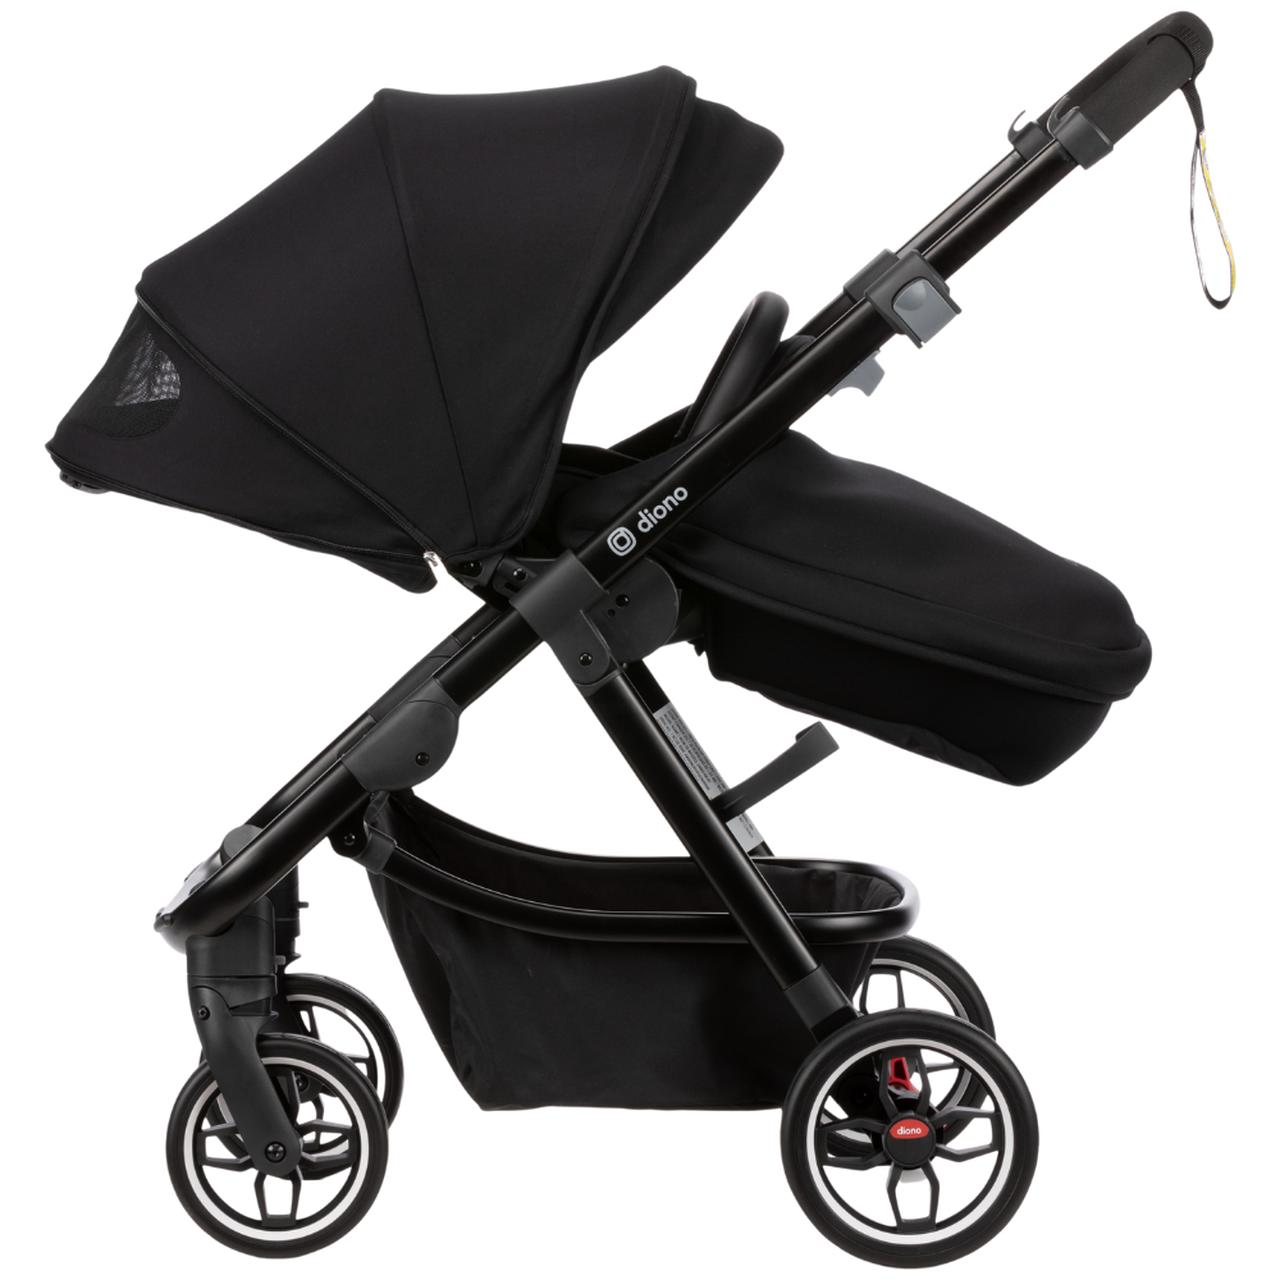  Reversible Baby Stroller, ELITTLE EMU Full-Size
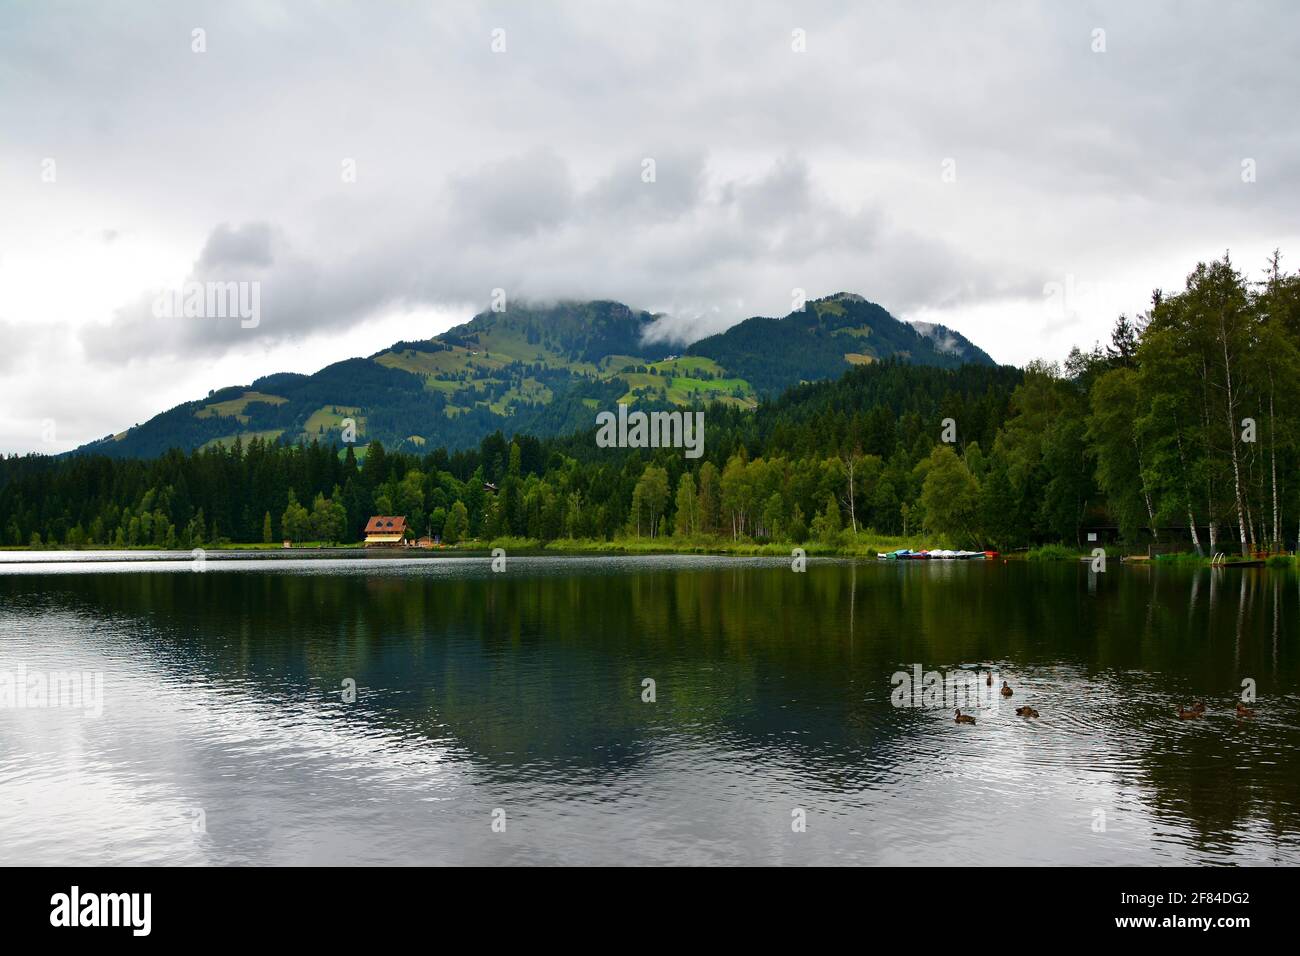 Lago di Schwarzsee - Lago Nero, lago di brughiera a ovest di Kitzbuhel lungo la strada Brixental nel cuore delle Alpi Kitzbuhel, Tirolo, Austria Foto Stock
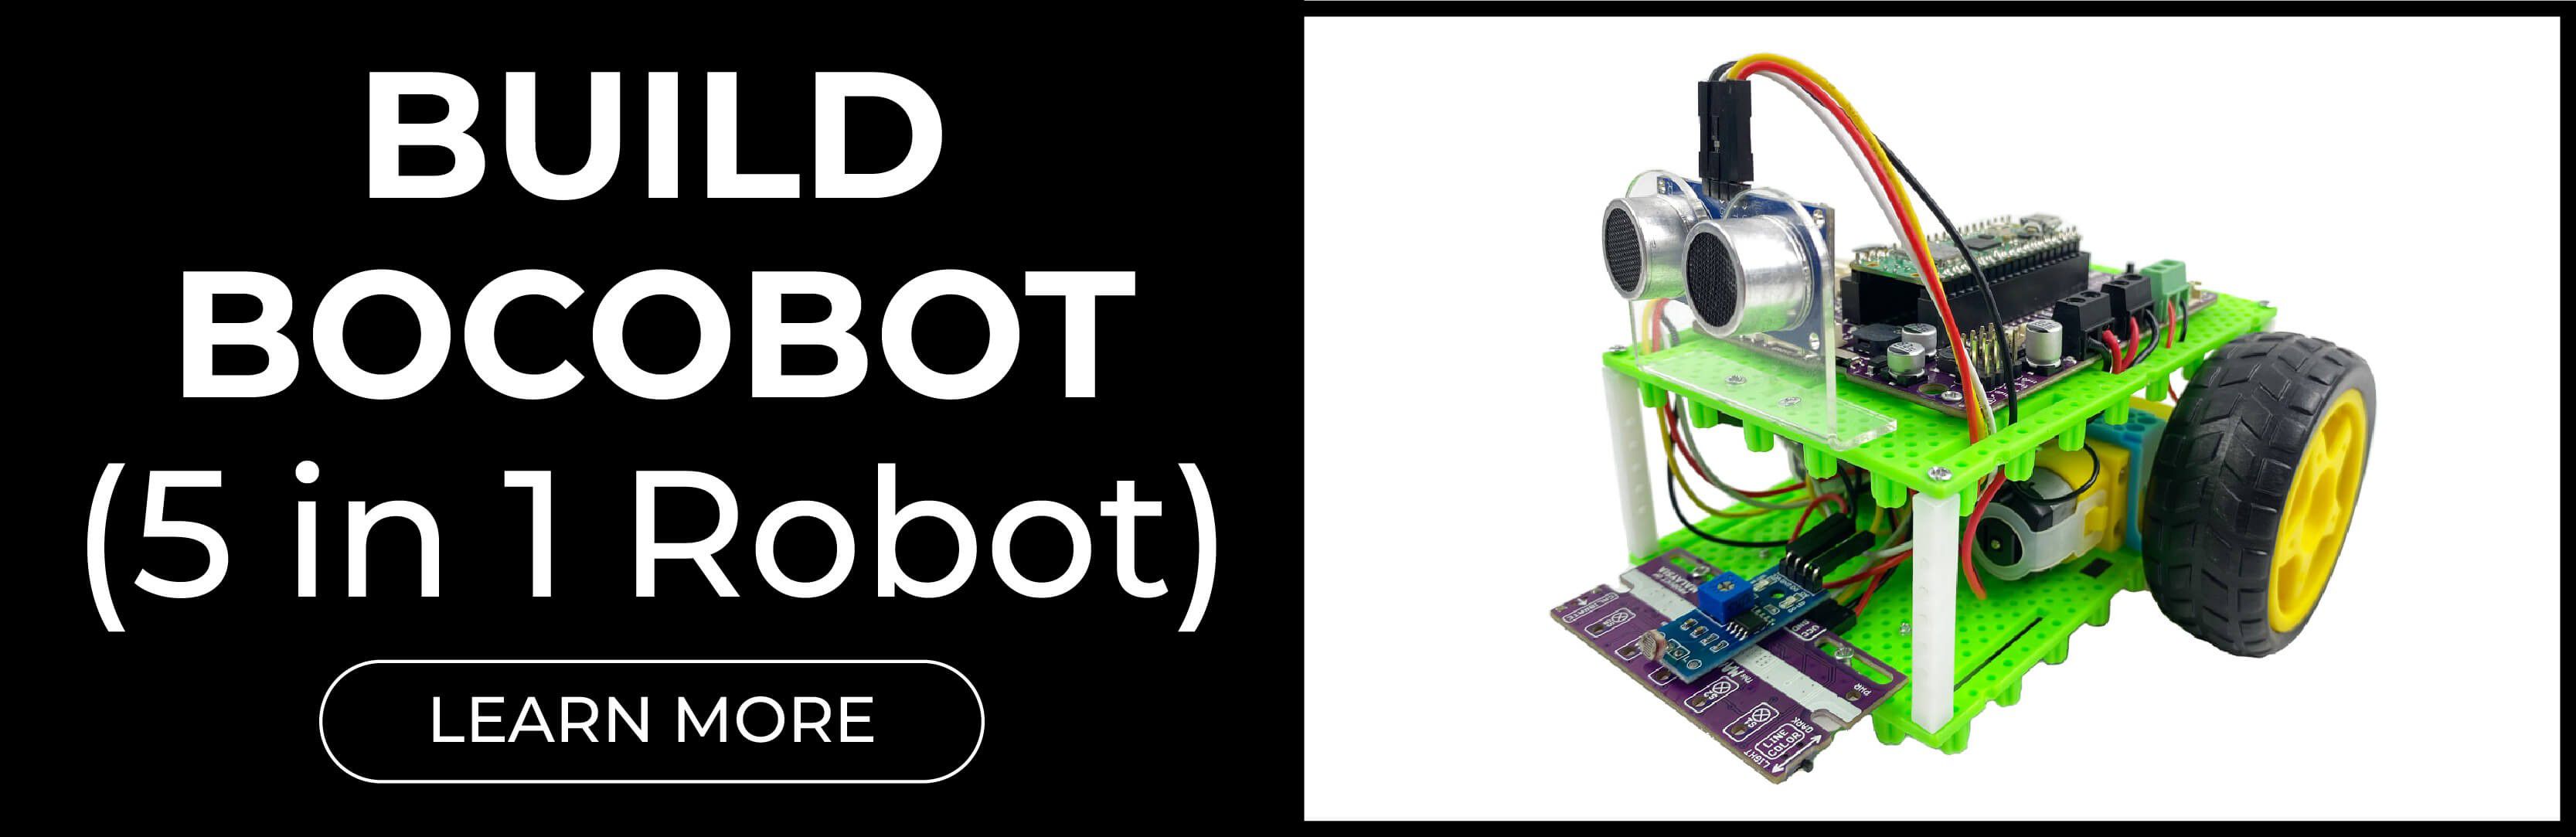 Arduino IoT Bundle RP2040 - RobotShop
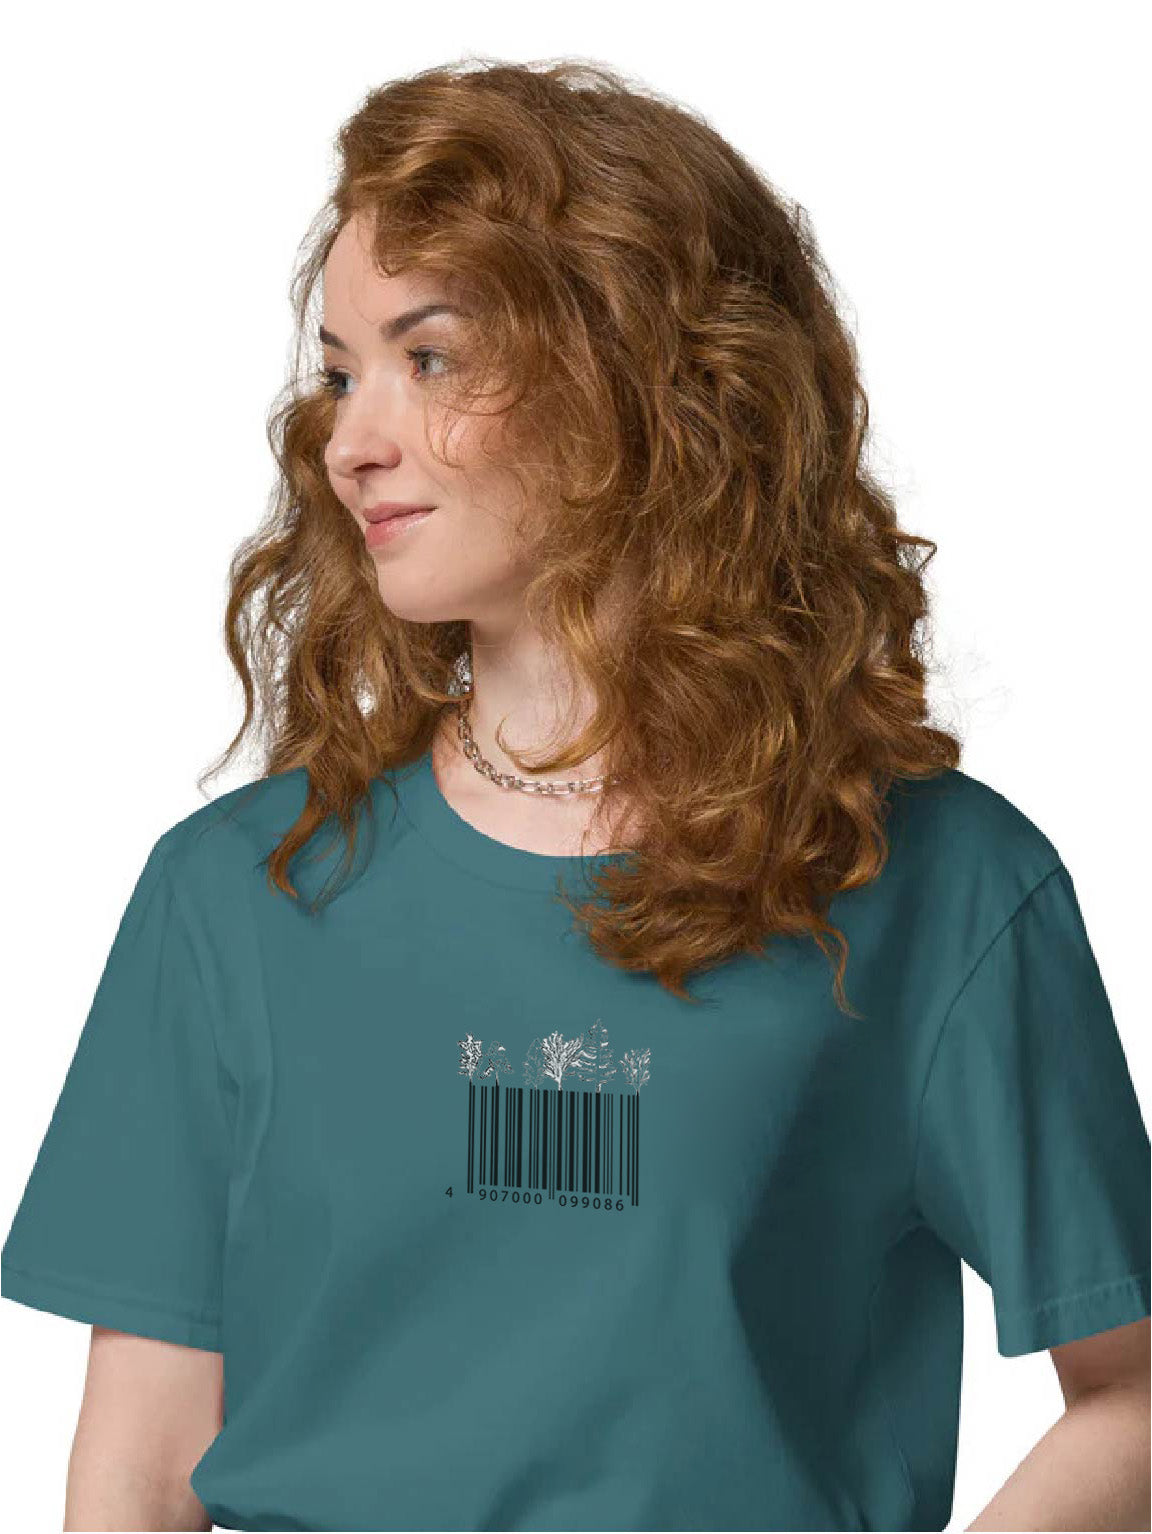 Deforestation - Unisex Organic Cotton T-Shirt - Limited Colours M - XXXL

┄┄┄┄┄┄┄┄┄┄┄┄┄┄┄┄┄┄┄┄

= TASK TO COMPLETE =
A verbatim copy of the data, free of pictures, is the expected answer.

= WRITTEN SOLUTION =
  Reversible Baby Stroller, ELITTLE EMU Full-Size
 Lago di Schwarzsee - Lago Nero, lago di brughiera a ovest di Kitzbuhel lungo la strada Brixental nel cuore delle Alpi Kitzbuhel, Tirolo, Austria Foto Stock
 Arduino IoT Bundle RP2040 - RobotShop
 Deforestation - Unisex Organic Cotton T-Shirt - Limited Colours M - XXXL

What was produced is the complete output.